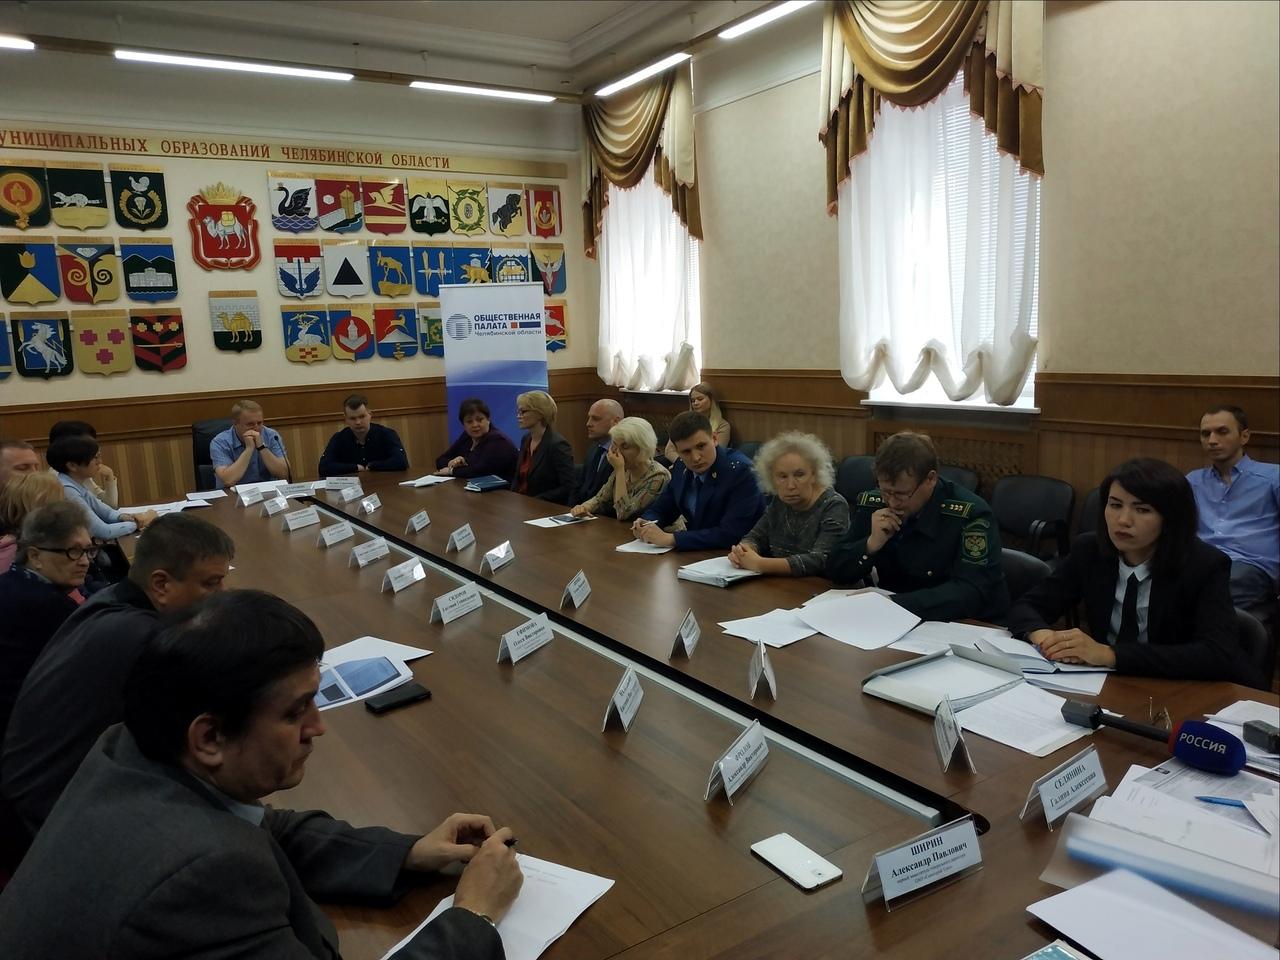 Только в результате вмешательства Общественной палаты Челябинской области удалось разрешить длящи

==

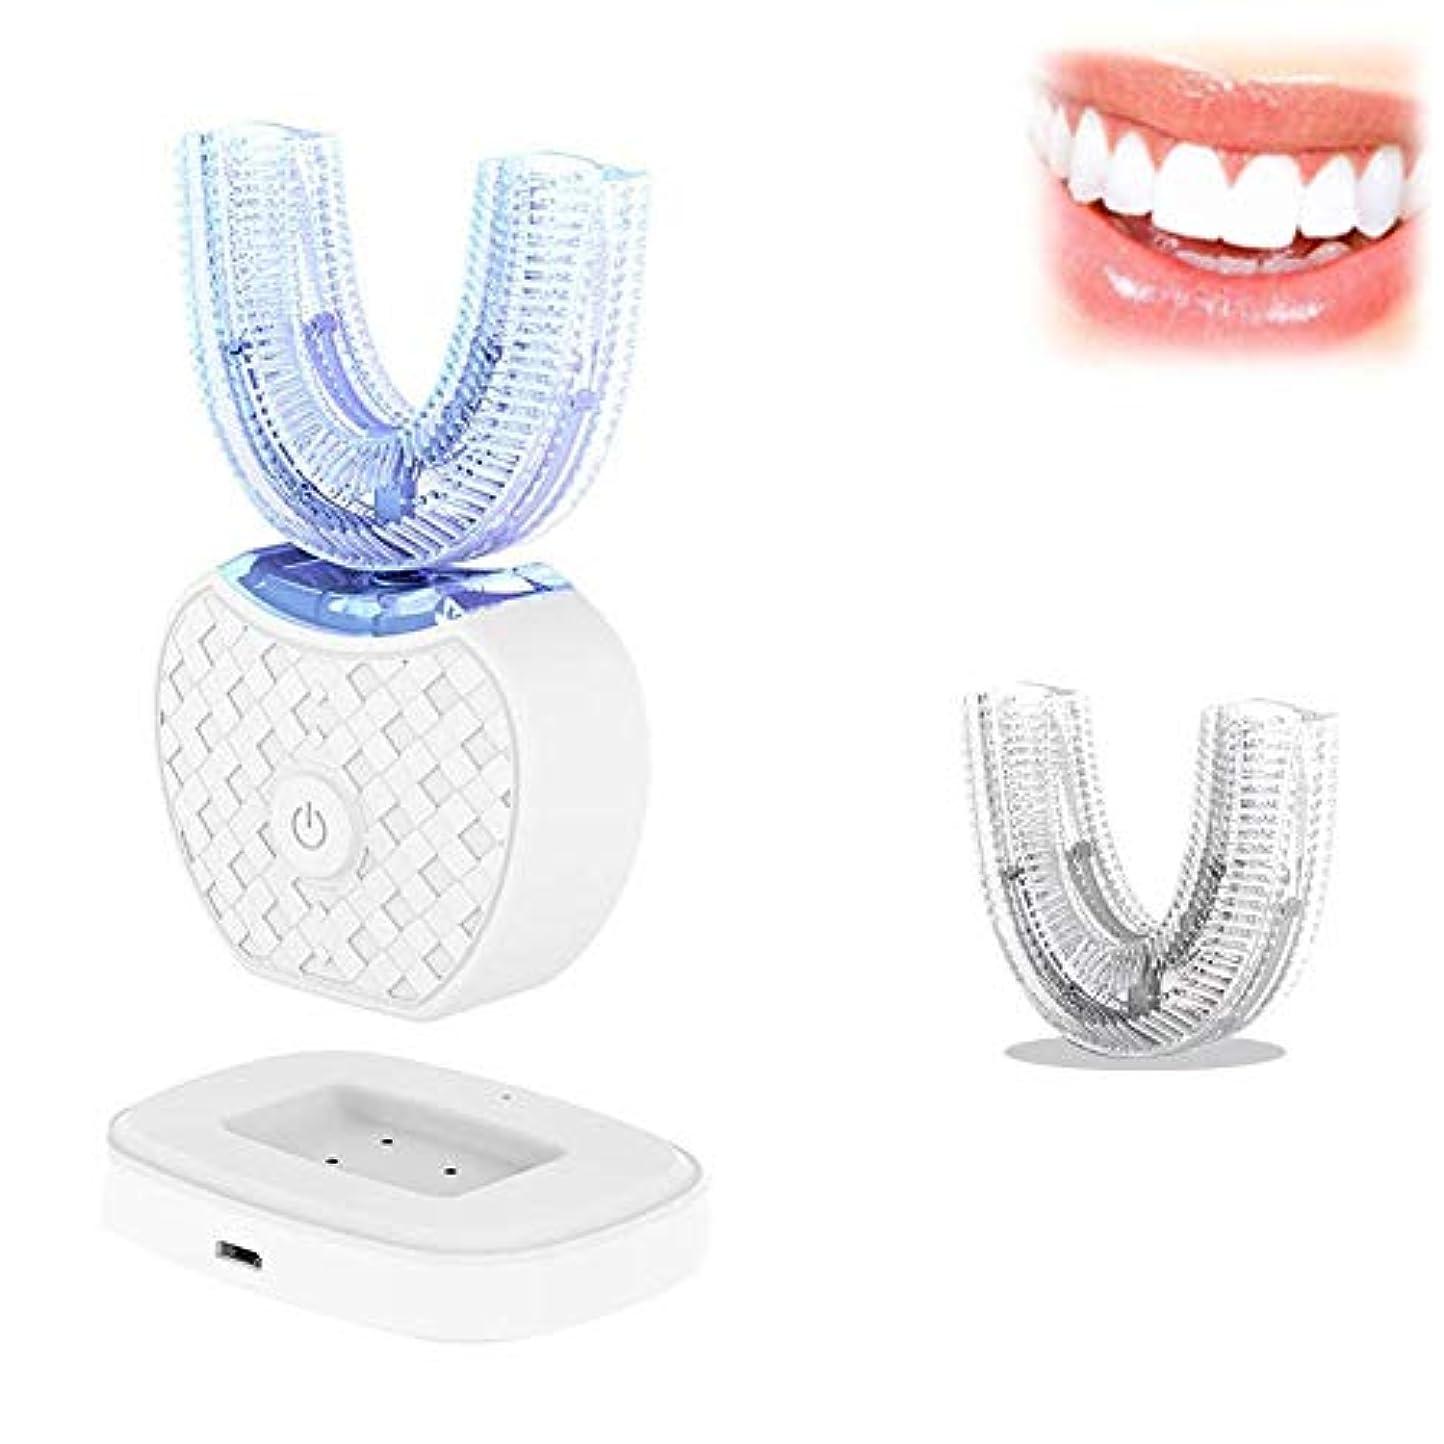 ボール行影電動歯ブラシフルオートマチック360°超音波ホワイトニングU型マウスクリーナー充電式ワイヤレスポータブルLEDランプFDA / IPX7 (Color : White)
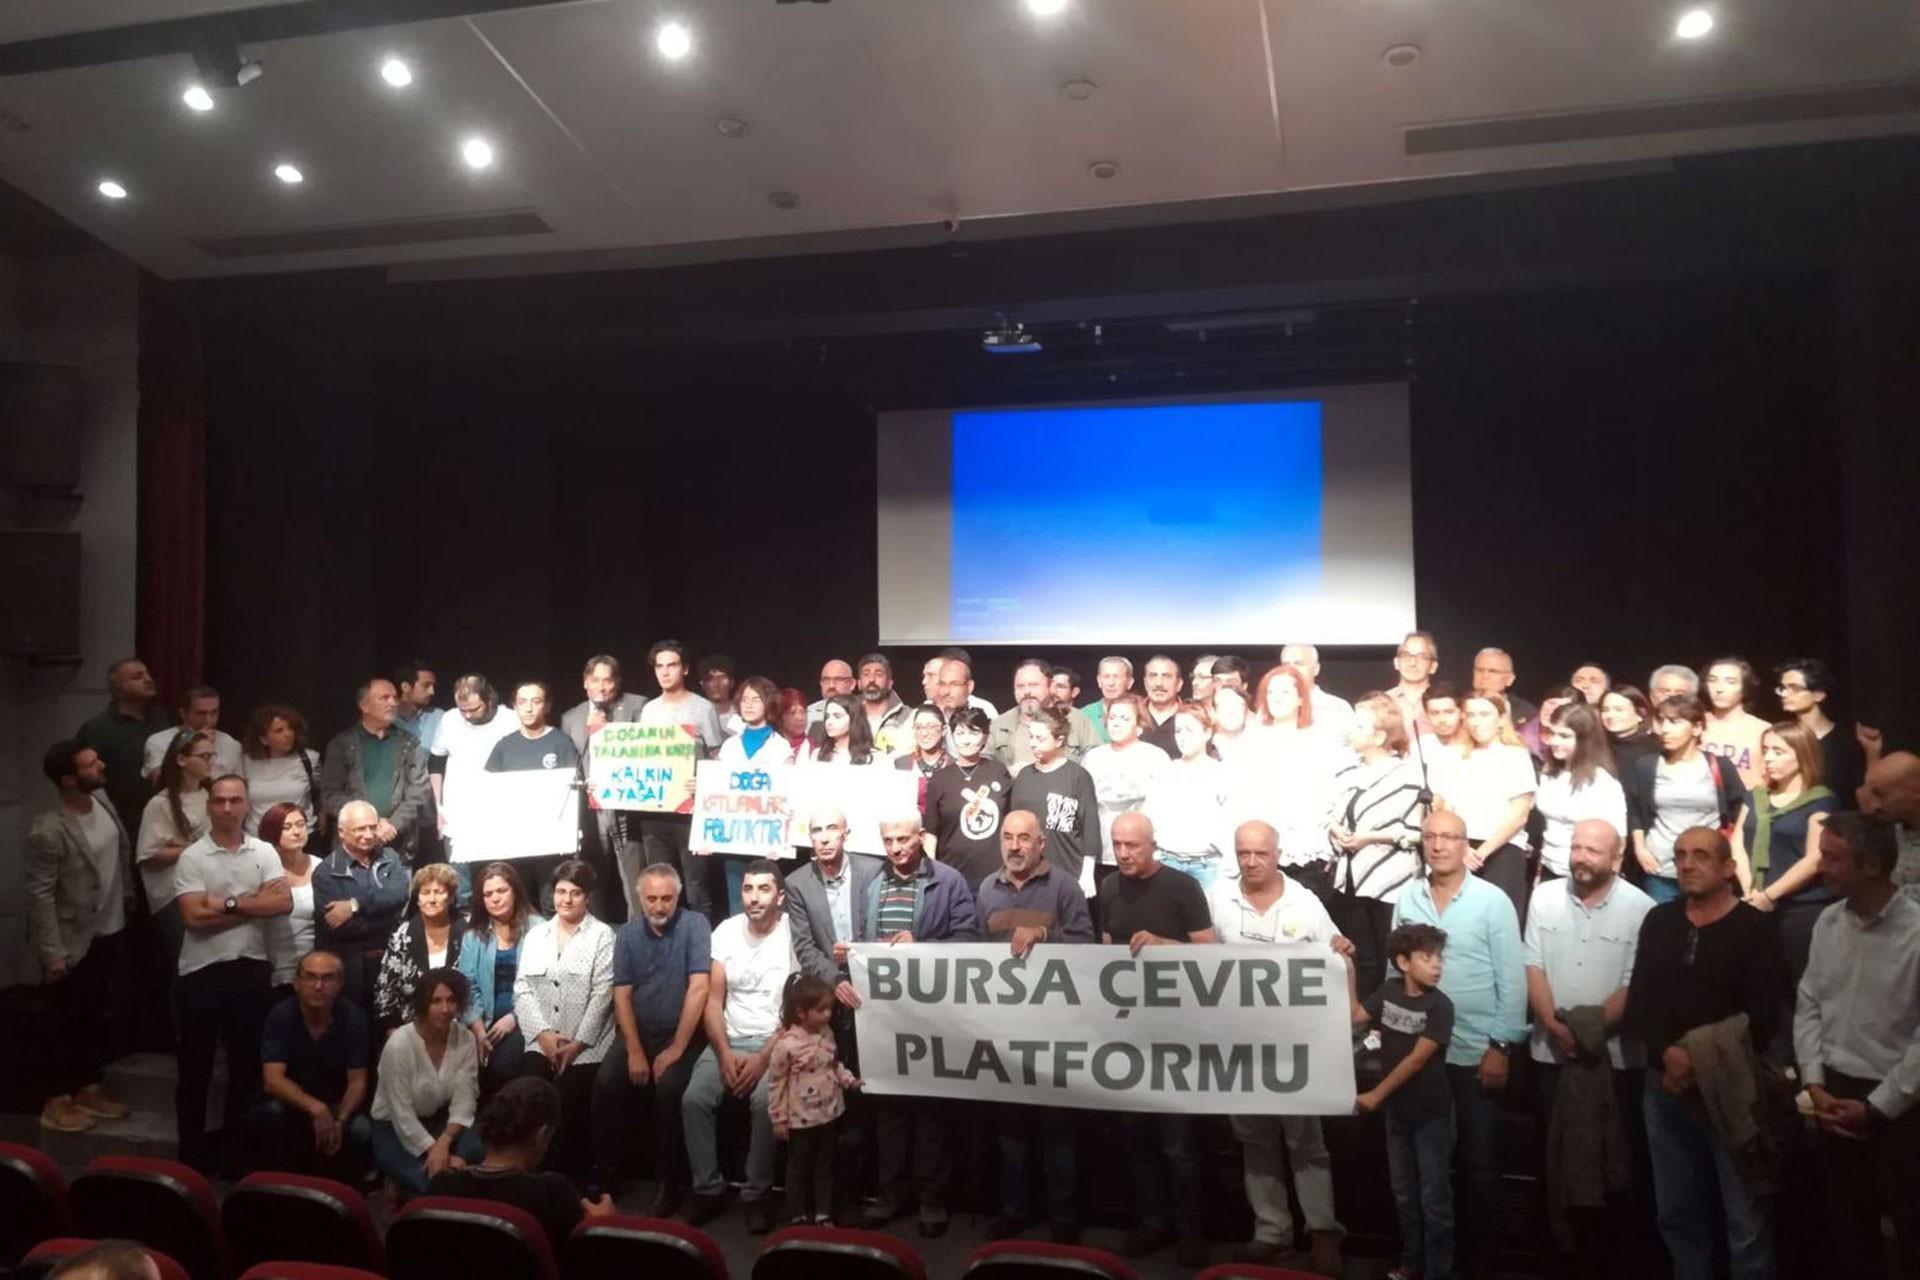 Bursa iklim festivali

* [WHAT THE EXERCISE ASKS]: Beginning with the line above that has "(Color : White)" and going on through the line that has "Bursa iklim festivali", retype every line exactly and add nothing else; drop the pictures.

* [ANSWER SPACE]:
 ボール行影電動歯ブラシフルオートマチック360°超音波ホワイトニングU型マウスクリーナー充電式ワイヤレスポータブルLEDランプFDA / IPX7 (Color : White)
 Bursa iklim festivali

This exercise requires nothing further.